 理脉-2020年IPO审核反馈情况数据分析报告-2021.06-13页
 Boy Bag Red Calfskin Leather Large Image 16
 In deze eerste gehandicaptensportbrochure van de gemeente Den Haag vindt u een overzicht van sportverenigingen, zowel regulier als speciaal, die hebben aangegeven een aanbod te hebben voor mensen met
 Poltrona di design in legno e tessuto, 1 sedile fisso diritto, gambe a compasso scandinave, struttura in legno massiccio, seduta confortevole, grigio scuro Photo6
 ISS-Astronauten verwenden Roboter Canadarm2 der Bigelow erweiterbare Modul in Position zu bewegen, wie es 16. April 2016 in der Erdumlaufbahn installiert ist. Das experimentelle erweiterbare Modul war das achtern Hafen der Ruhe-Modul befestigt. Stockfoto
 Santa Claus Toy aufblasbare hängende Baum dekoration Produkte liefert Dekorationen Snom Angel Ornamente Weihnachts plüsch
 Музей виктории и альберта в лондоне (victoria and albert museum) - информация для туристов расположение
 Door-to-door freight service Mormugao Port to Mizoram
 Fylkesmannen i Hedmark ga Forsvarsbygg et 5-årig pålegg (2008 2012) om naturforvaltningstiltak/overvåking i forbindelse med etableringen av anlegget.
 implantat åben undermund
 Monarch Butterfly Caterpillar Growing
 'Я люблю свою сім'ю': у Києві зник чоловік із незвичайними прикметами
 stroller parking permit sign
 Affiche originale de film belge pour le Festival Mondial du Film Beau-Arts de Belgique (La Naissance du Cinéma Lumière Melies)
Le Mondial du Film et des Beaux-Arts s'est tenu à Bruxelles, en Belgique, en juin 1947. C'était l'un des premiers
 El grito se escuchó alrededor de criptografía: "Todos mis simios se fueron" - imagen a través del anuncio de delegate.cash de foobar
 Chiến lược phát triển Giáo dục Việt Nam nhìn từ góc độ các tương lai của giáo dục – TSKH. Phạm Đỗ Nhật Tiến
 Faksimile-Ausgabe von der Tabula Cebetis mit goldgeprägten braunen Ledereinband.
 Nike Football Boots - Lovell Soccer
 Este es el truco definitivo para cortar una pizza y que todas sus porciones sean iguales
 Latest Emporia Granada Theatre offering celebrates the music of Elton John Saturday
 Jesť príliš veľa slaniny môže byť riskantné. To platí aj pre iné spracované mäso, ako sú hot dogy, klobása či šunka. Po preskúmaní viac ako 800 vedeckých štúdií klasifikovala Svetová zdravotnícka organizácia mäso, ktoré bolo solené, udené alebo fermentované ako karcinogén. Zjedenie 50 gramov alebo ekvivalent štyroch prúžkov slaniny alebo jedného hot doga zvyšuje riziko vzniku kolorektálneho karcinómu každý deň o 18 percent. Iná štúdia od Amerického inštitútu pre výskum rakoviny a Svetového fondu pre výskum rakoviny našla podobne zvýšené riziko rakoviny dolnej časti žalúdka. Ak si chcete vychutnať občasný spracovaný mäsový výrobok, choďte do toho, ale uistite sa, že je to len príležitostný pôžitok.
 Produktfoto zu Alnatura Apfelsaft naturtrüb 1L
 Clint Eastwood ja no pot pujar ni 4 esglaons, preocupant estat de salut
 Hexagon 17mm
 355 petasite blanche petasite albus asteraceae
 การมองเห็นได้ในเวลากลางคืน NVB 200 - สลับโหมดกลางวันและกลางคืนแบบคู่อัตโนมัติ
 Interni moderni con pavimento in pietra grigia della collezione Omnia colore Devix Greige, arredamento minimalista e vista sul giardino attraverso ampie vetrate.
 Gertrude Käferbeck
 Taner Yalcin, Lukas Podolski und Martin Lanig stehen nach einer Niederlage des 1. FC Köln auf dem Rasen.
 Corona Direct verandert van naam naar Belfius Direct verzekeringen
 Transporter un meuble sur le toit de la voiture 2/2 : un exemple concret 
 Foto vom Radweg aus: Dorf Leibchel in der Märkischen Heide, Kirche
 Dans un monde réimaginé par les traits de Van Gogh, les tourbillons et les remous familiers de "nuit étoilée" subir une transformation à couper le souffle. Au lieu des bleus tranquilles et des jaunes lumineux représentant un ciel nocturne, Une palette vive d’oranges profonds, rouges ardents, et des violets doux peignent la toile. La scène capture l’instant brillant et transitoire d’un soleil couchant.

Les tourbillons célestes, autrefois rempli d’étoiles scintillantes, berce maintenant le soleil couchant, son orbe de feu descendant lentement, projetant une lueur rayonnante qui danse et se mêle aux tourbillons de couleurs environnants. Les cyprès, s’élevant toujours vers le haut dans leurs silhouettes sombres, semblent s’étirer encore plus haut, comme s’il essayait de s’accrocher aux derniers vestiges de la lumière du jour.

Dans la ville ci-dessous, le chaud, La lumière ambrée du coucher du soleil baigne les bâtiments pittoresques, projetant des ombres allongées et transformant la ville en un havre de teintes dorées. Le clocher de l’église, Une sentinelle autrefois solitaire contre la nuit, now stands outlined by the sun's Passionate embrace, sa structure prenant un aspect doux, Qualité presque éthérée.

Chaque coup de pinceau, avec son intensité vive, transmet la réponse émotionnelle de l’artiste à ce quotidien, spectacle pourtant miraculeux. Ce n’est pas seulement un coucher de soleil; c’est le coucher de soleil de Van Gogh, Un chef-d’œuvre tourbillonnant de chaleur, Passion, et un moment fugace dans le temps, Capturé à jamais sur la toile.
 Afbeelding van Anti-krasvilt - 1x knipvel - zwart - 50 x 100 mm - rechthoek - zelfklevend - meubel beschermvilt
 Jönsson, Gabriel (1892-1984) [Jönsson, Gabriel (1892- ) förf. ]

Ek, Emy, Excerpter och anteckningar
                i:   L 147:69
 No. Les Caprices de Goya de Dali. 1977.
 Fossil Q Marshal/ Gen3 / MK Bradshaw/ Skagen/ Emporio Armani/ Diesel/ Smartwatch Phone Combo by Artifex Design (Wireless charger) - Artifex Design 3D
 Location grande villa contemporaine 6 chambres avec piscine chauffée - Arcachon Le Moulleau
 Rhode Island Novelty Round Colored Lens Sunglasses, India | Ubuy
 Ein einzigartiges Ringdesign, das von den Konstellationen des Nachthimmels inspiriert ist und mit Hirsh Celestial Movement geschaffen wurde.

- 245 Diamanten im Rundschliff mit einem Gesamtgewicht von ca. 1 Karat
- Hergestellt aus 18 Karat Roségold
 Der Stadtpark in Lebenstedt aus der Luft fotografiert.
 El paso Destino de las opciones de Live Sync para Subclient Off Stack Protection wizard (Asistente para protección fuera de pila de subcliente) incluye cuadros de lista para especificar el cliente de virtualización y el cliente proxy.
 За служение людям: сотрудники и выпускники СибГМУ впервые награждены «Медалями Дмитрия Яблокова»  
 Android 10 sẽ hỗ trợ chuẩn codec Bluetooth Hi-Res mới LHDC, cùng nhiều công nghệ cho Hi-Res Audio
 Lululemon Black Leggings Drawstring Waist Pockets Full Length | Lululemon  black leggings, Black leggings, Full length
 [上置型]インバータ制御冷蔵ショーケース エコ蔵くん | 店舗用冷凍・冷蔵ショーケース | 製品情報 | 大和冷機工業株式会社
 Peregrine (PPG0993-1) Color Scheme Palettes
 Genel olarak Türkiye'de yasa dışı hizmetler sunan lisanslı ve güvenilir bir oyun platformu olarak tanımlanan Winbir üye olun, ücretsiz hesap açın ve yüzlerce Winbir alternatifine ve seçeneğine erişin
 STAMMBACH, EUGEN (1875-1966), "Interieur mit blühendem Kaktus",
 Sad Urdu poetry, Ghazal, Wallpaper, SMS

------------------------------------------------

Up to and including the line with "In deze eerste", please return the records exactly, beginning from their first line.

 理脉-2020年IPO审核反馈情况数据分析报告-2021.06-13页
 Boy Bag Red Calfskin Leather Large Image 16
 In deze eerste gehandicaptensportbrochure van de gemeente Den Haag vindt u een overzicht van sportverenigingen, zowel regulier als speciaal, die hebben aangegeven een aanbod te hebben voor mensen met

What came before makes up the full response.